# The problem:
From the first line to the last, set down the material exactly, leaving out its pictures.

# Recorded information:
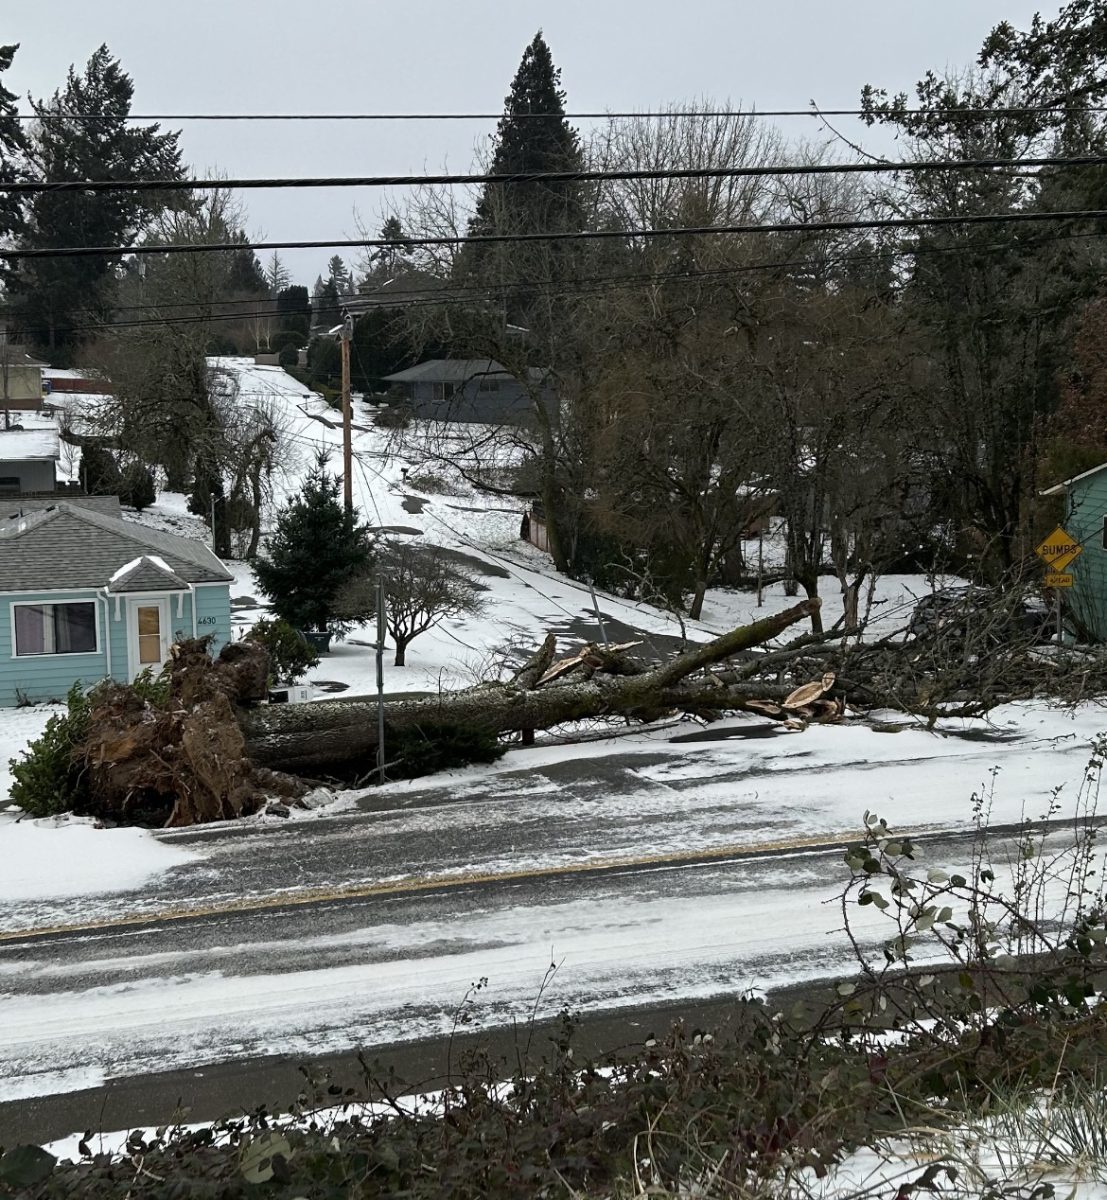 Portlandapocalypse: The ice storm that distroyed Portland
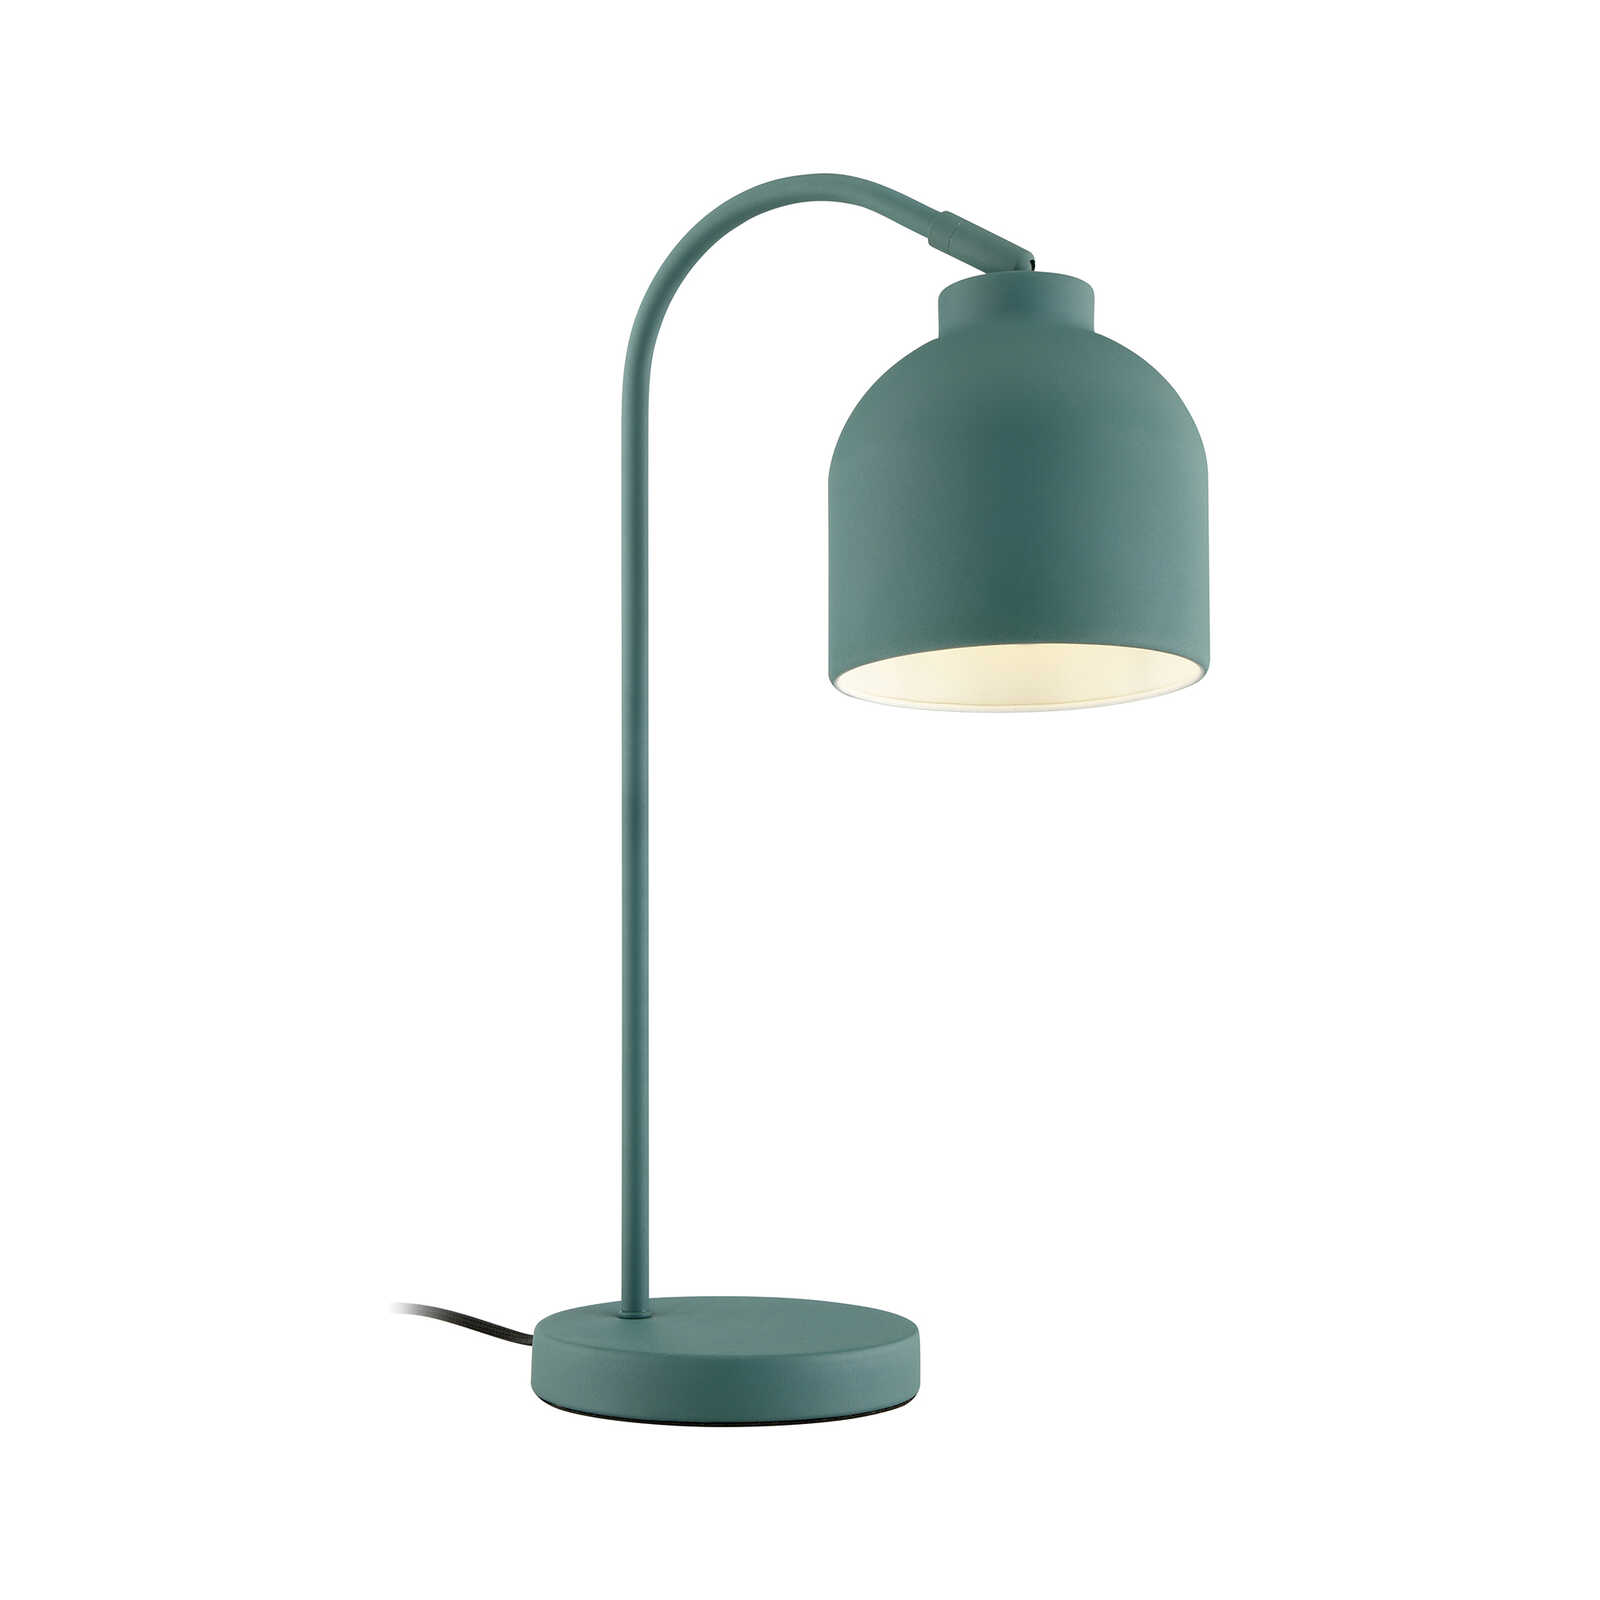 Metal table lamp - Patrick 2 - Green
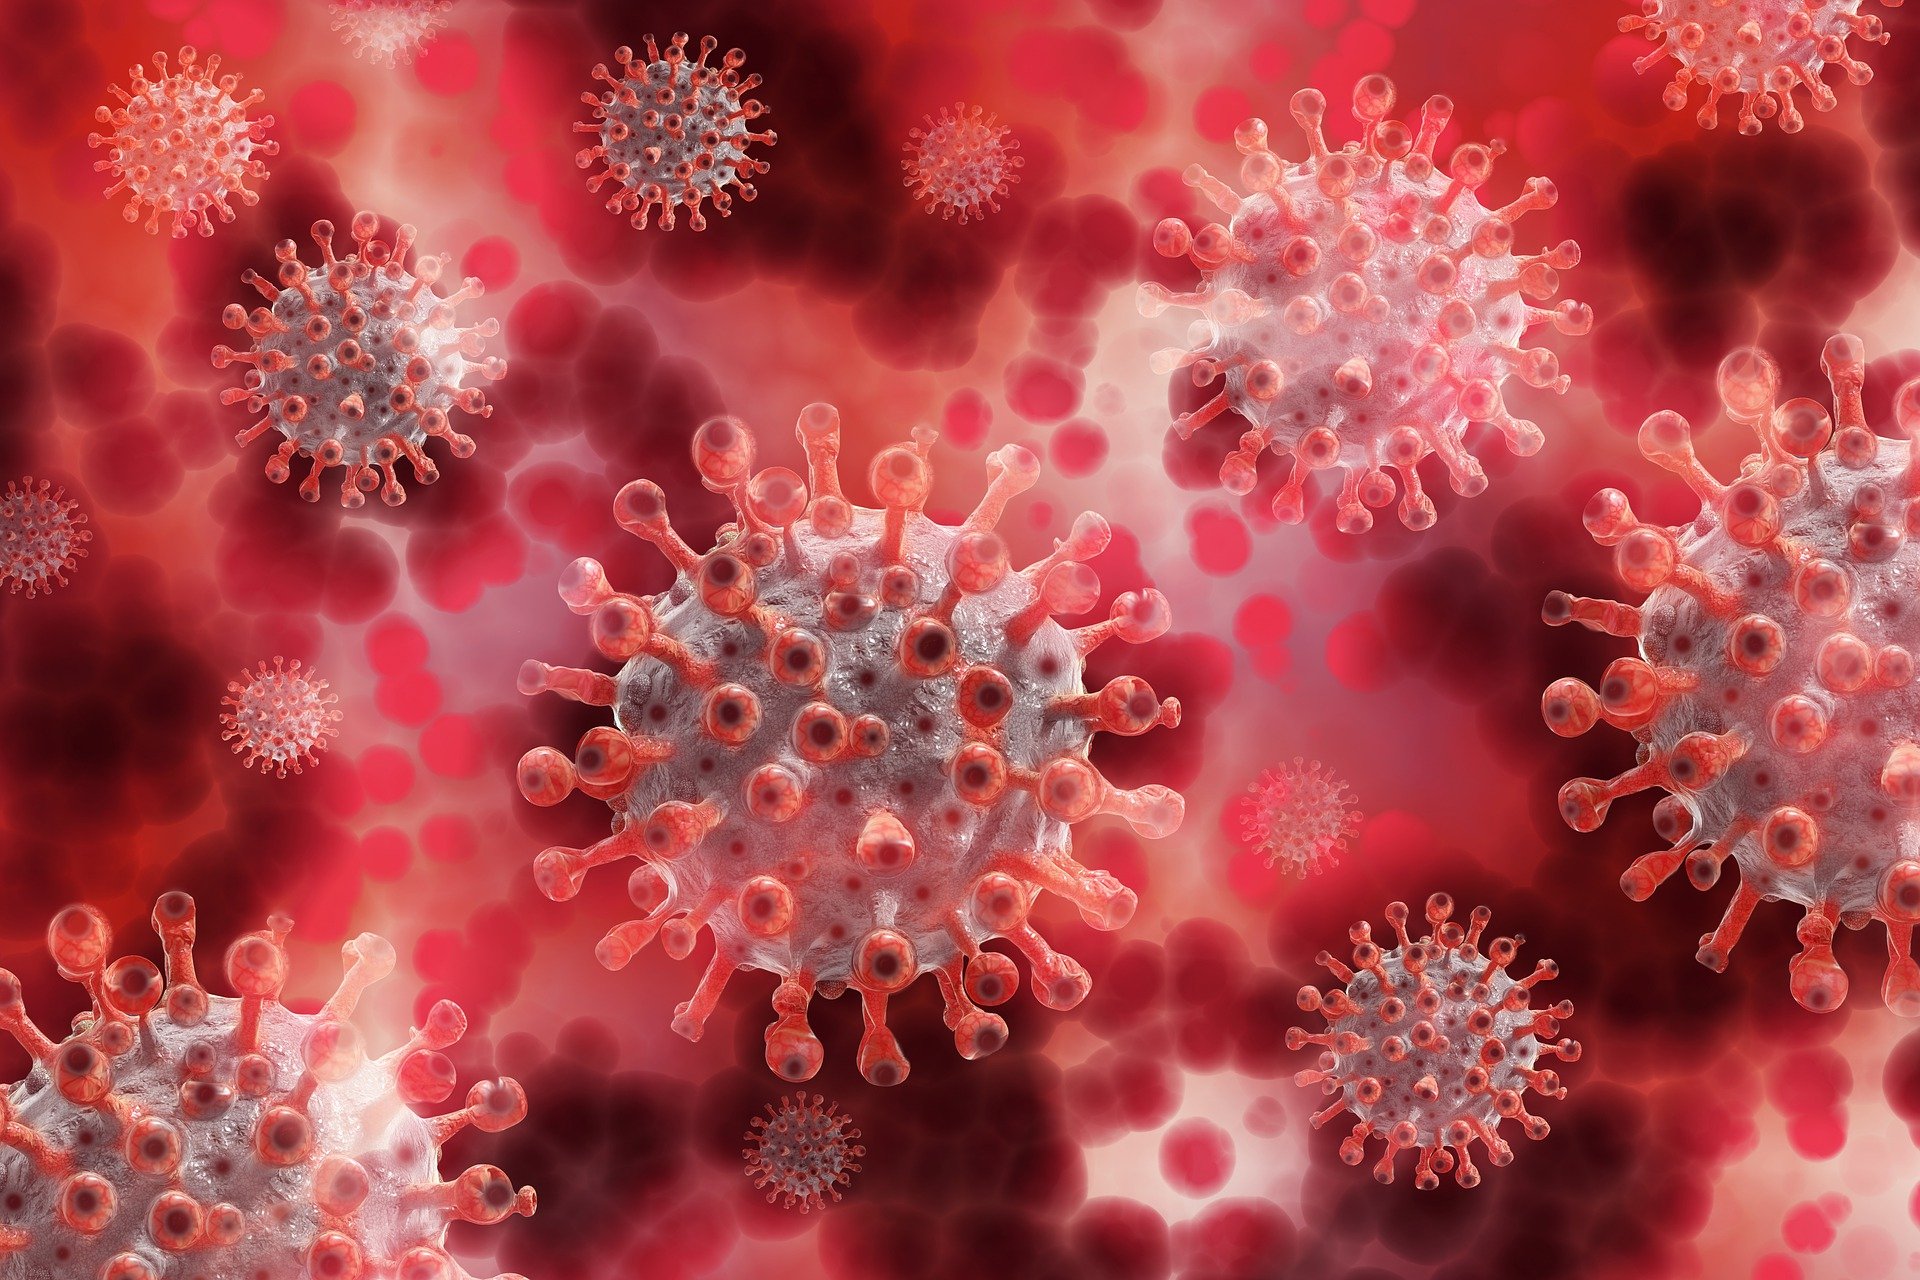 Informationen zum Coronavirus SARS-CoV-2

# Result:
 Portlandapocalypse: The ice storm that distroyed Portland
 Metal table lamp - Patrick 2 - Green
 Informationen zum Coronavirus SARS-CoV-2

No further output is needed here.